The Koala - Endangered or Not?


In April 2012, the Australian Government declared the Koala as ‘VULNERABLE” across the entire state. Upon receiving advice from the Threatened Species Scientific Council, Minister Tony Burke listed the Koala as a threatened species under the EPBC Act. Research conducted by the AKF strongly suggests the Koala’s conservation status should be upgraded to “CRITICALLY ENDANGERED” in the South East Queensland Bioregion.

Koalas are in serious decline suffering from the effects of habitat destruction, domestic dog attacks, bushfires and road accidents. The Australian Koala Foundation estimates that there are less than 100,000 Koalas left in the wild, possibly as few as 43,000.  You can see how we determined those figures here.

There is arguably no legislation that effectively and/or consistently protects Koala habitat anywhere within Australia, not necessarily because the legislation does not exist, but because there is not always the political will to adequately resource, implement, police and enforce such legislation.

There are four states where Koalas occur in the wild - Queensland, New South Wales, Victoria and South Australia - and each state has its own legislation (see below).

The Federal Government passes responsibility for protection of Koala habitat to the states. The states often pass principal responsibility to local government. Local government is where most day to day decisions are made about what happens to Koala habitat but where there is often the least amount of resources and expertise in wildlife management or habitat assessment.

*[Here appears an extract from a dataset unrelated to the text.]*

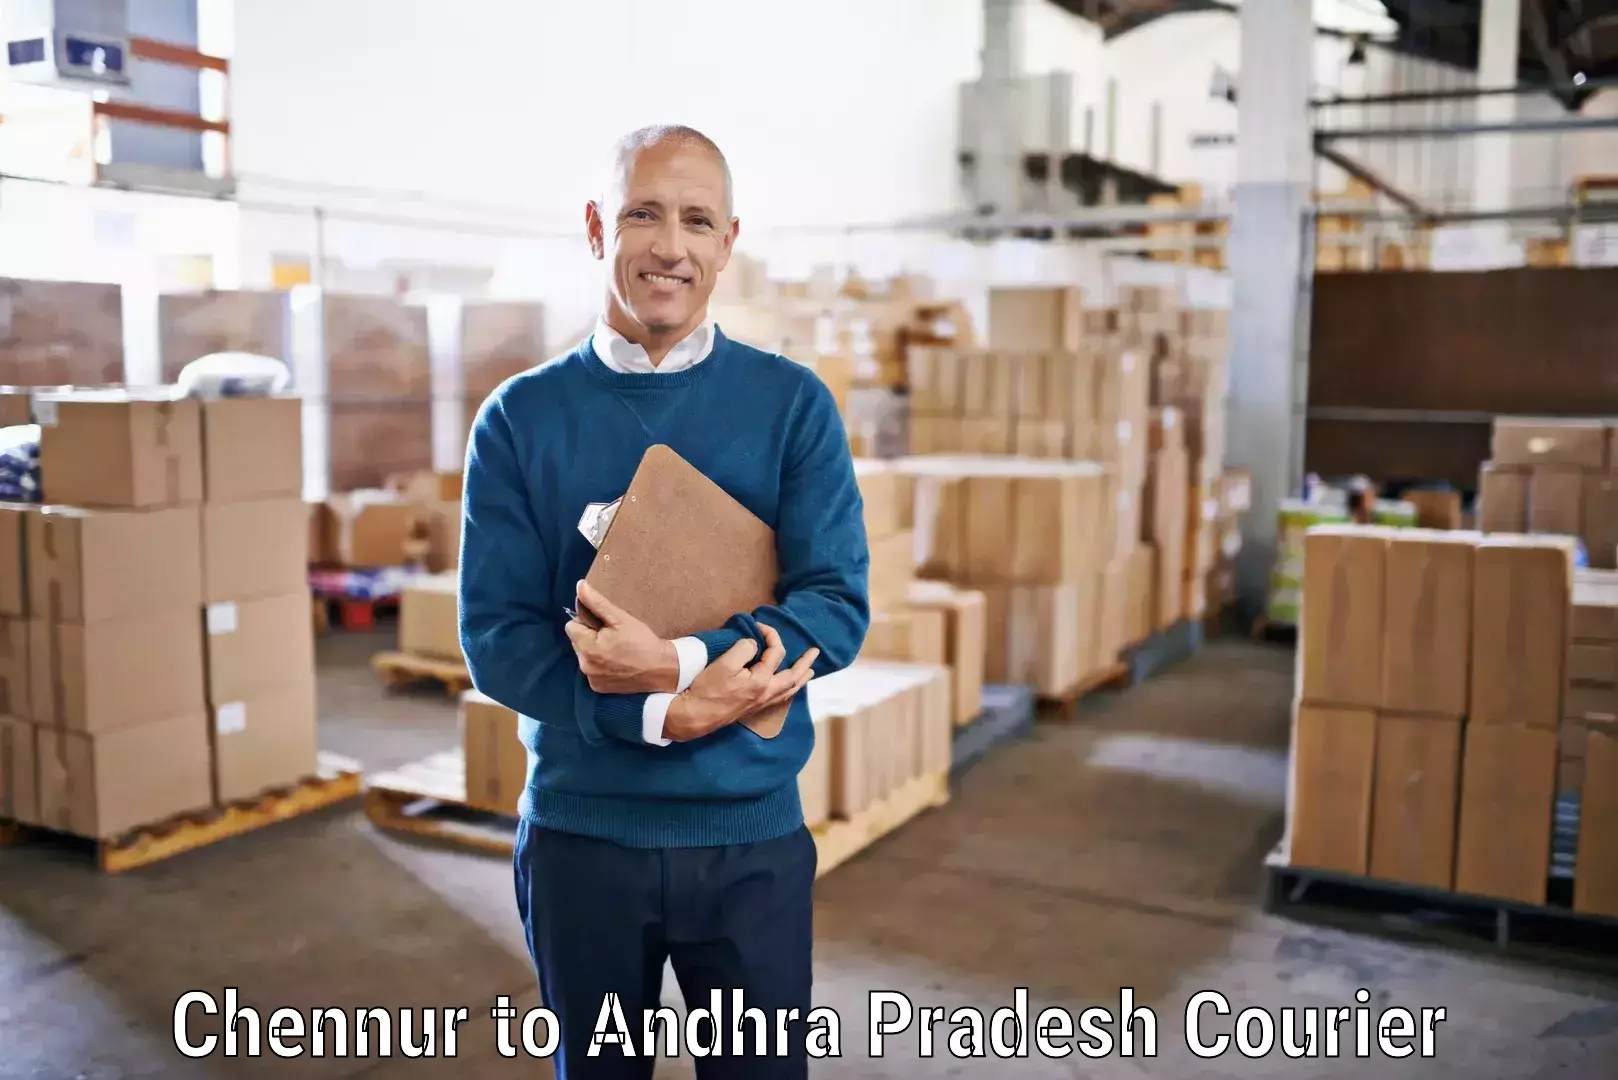 State-of-the-art courier technology Chennur to Visakhapatnam Port

It is important to note that the Koala’s status as ‘Common’ in a particular area does not necessarily mean that Koalas are indeed common in that area (As in Queensland and Victoria - see below). If the Koala is to be conserved, legislation must be strengthened for the protection of habitat throughout its range. Following are the current official state government listings for the Koala, the Federal Government’s current position and the IUCN and other international listings.




With a change of government, in August 1996, the new government advised the AKF in writing that it intended to upgrade the Koala’s listing to ‘Vulnerable’ by the end of 1996. This did not happen.

In May 1998, the Queensland Premier advised the AKF that it was proposed to add a class of wildlife called "management dependent wildlife" to the Nature Conservation Act 1992. He indicated that the Koala was expected to be scheduled in this new class of protected wildlife.

In September 2003, the Australian Koala Foundation and other Koala scientists were invited to make submissions to the Queensland Government and the Scientific Advisory Committee concerning the current status of Koalas in Queensland. The AKF nomination recommended that Koalas be immediately listed as ‘Vulnerable’ throughout the South East Queensland Bioregion, and that consideration be given to listing Koalas throughout Queensland on precautionary principles. (A precautionary approach entails caution, or care-taking, anticipatory action to prevent harm, even if the cause and effect are not fully established scientifically at that time.) Failing the latter, it was recommended that the conservation status of Koala populations in other key bioregions be assessed as a matter of urgent priority.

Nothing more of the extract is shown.